I then added the GlobPattern Swift Package by ChimeHQ as a dependency to help me determine whether files containing the query text are owned by the provided GitHub team:

Package.swift
// swift-tools-version: 5.10

import PackageDescription

let package = Package(
    name: "FindCodeOwner",
    platforms: [
        .macOS(.v13)
    ],
    dependencies: [
        .package(url: "https://github.com/ChimeHQ/GlobPattern.git", exact: "0.1.1")
    ],
    targets: [
        .executableTarget(
            name: "FindCodeOwner",
            dependencies: ["GlobPattern"],
            swiftSettings: [
                .enableUpcomingFeature("BareSlashRegexLiterals")
            ]
        ),
    ]
)

Finding files

Let’s say our team wants to migrate away from a dependency called Quick and we want to find all files that we own that import the library.

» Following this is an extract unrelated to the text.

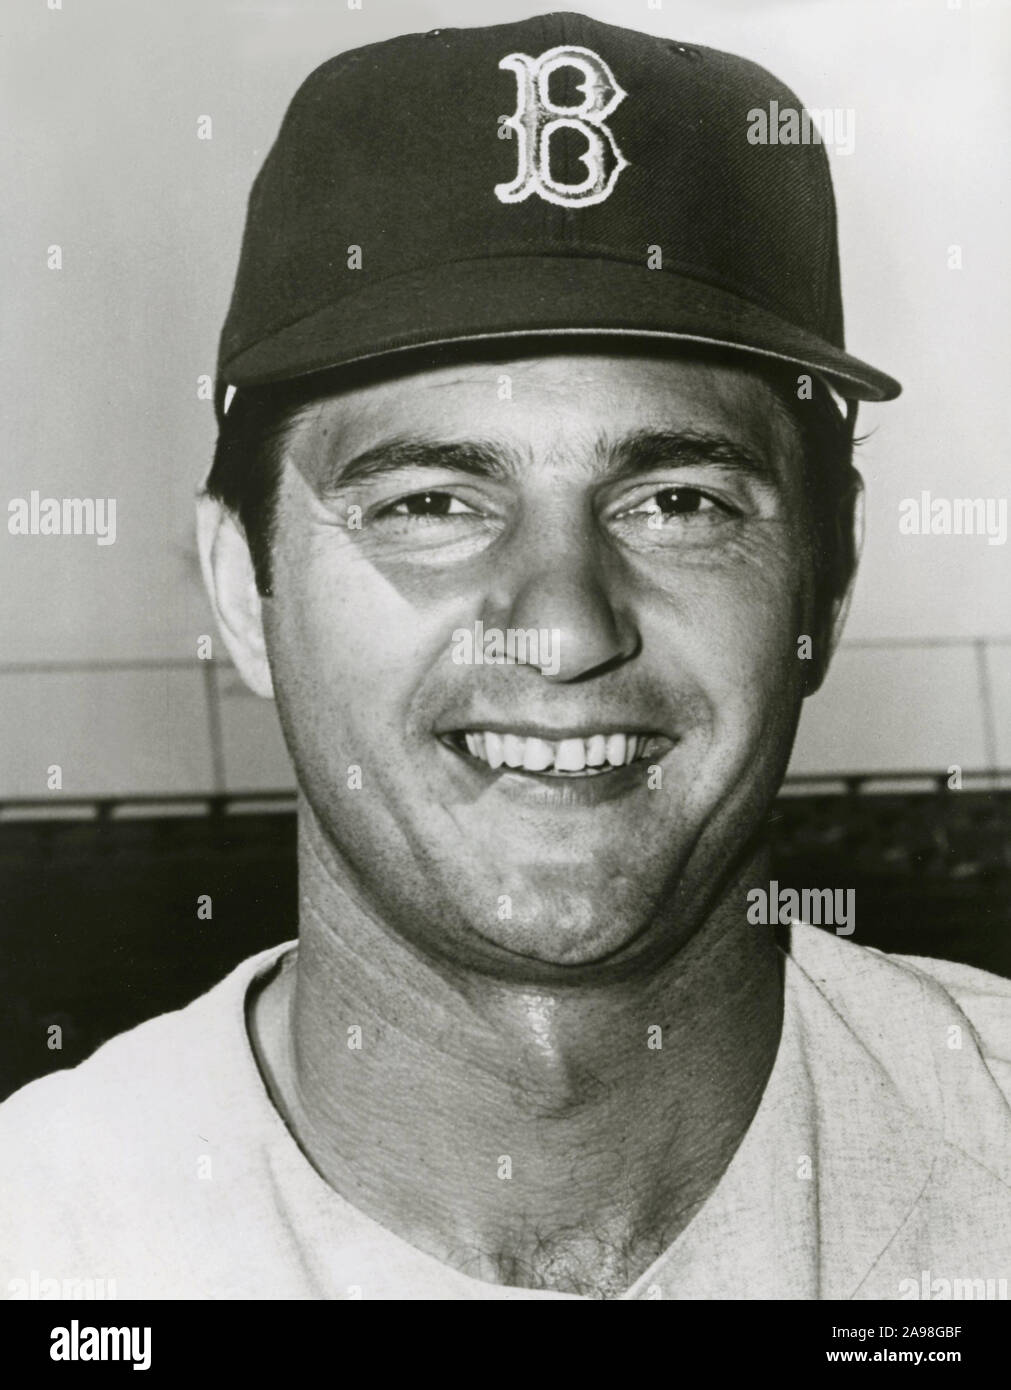 Vintage black and white photo of baseball player Carl Yastrzemski who was a star with the Boston Red Sox in the 1960s and 70s. Stock Photo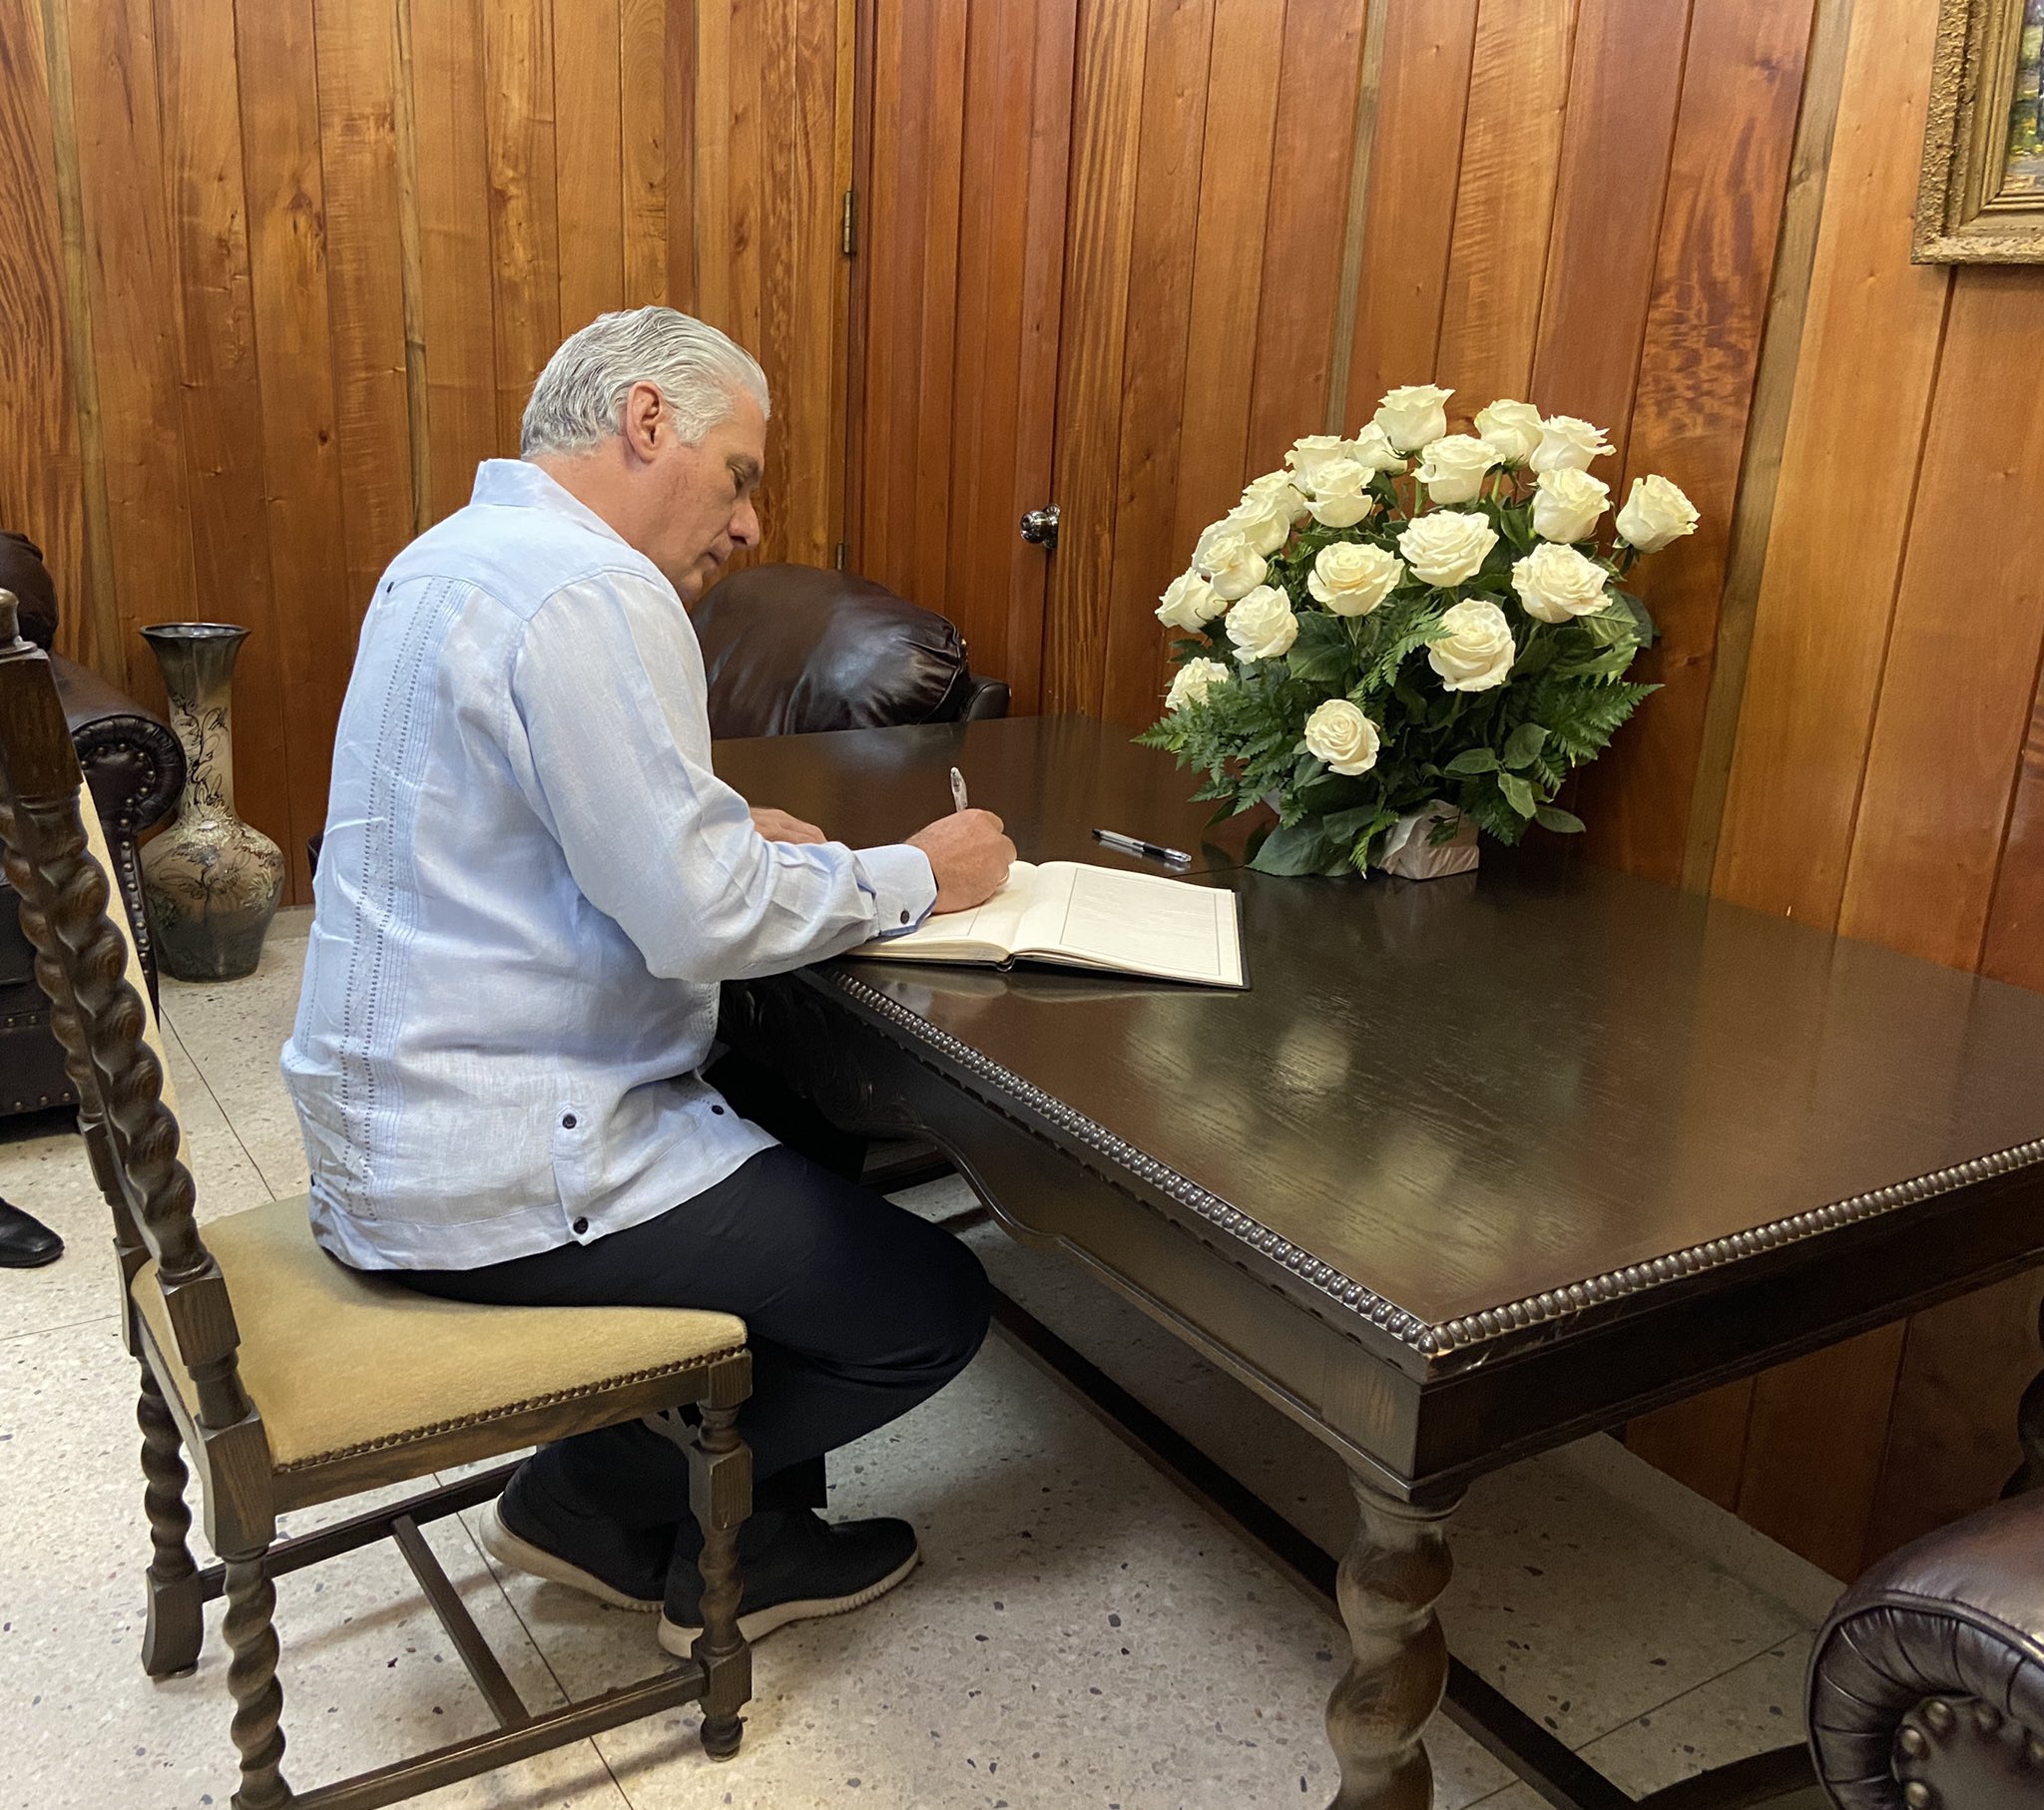 The Cuban President signs a book of condolences for the attack that occurred in Russia

Let’s write some code in our executable target to do this:

main.swift
import Foundation
import GlobPattern

struct OwnershipRule {
    let path: String
    let teams: [String]
}

func getRules(from codeOwnersFile: String, relativeTo repository: String) -> [OwnershipRule] {
    guard let content = try? String(contentsOfFile: codeOwnersFile) else {
        return []
    }
    
    return content
        .components(separatedBy: .newlines)
        .filter { $0.isEmpty || $0.hasPrefix("#") }
        .map { createRule(from: $0, relativeTo: repository) }
}

func createRule(from line: String, relativeTo repository: String) -> OwnershipRule {
    let elements = line.components(separatedBy: .whitespaces)
        .filter { !$0.isEmpty }

    let teams = elements
        .enumerated()
        .filter { $0 != 0 && $1.hasPrefix("@") }
        .map(\.1)
    
    return OwnershipRule(path: repository + elements[0], teams: teams)
}

func getOwnersForFile(_ filePath: String, rules: [OwnershipRule]) -> [String] {
    rules
        .reversed()
        .first { rule in
            let globExpression = URL(string: rule.path)?.hasDirectoryPath == true ? rule.path + "*" : rule.path
            let matcher = try? Glob.Pattern(globExpression)
            return matcher?.match(filePath) == true
        }?
        .teams ?? []
}

// 1
let rootRepositoryDirectory = FileManager.default.currentDirectoryPath
let codeOwnersPath = rootRepositoryDirectory + "/.github/CODEOWNERS"

// 2
let allOwnershipRules = getRules(from: codeOwnersPath, relativeTo: rootRepositoryDirectory)

// 3
let matchingSearch = "import Quick"
let dirEnum = FileManager.default.enumerator(atPath: rootRepositoryDirectory)
var matchedFiles = [String]()
while let file = dirEnum?.nextObject() as? String {
    guard file.hasSuffix(".swift") else { continue }

    let fullPath = rootRepositoryDirectory + "/" + file
    if let contents = FileManager.default.contents(atPath: fullPath),
       let stringContents = String(data: contents, encoding: .utf8),
       stringContents.contains(matchingSearch) {

        matchedFiles.append(fullPath)
    }
}

// 4
let matchedFilesOnwedByTeam = matchedFiles
    .filter { fileContainingSearchQuery in
        getOwnersForFile(fileContainingSearchQuery, rules: allOwnershipRules).contains("@MyAwesomeOrg/cool-beans")
    }

// 5
print(matchedFilesOnwedByTeam)

A lot is going on in the code block above, so let’s break it down into simple steps:

  1. Read the contents of the repository’s CODEOWNERS file. The script assumes that the current directory is the root of the repository and tries to read the contents of the CODEOWNERS file.
  2. The CODEOWNERS file is parsed line by line to preserve the order of the rules. Each line is then transformed from a String into a struct containing the path that the rule applies to and the teams that own it.
  3. The script then recursively searches all directories in the repository for .swift files that contain the text to find. The paths to all files that contain the query string are stored in an array.
  4. We use the GlobPattern library to filter out any matched files that are not owned by the given team. This process must be done by iterating the rules from bottom to top as the order defines the priority of the rule (i.e. rules defined later on in the file take higher priority). As CODEOWNERS syntax allows users to omit the * character for matching all files in a directory, we must add it where needed.
  5. We finally print the matched files that fall under the given team’s ownership.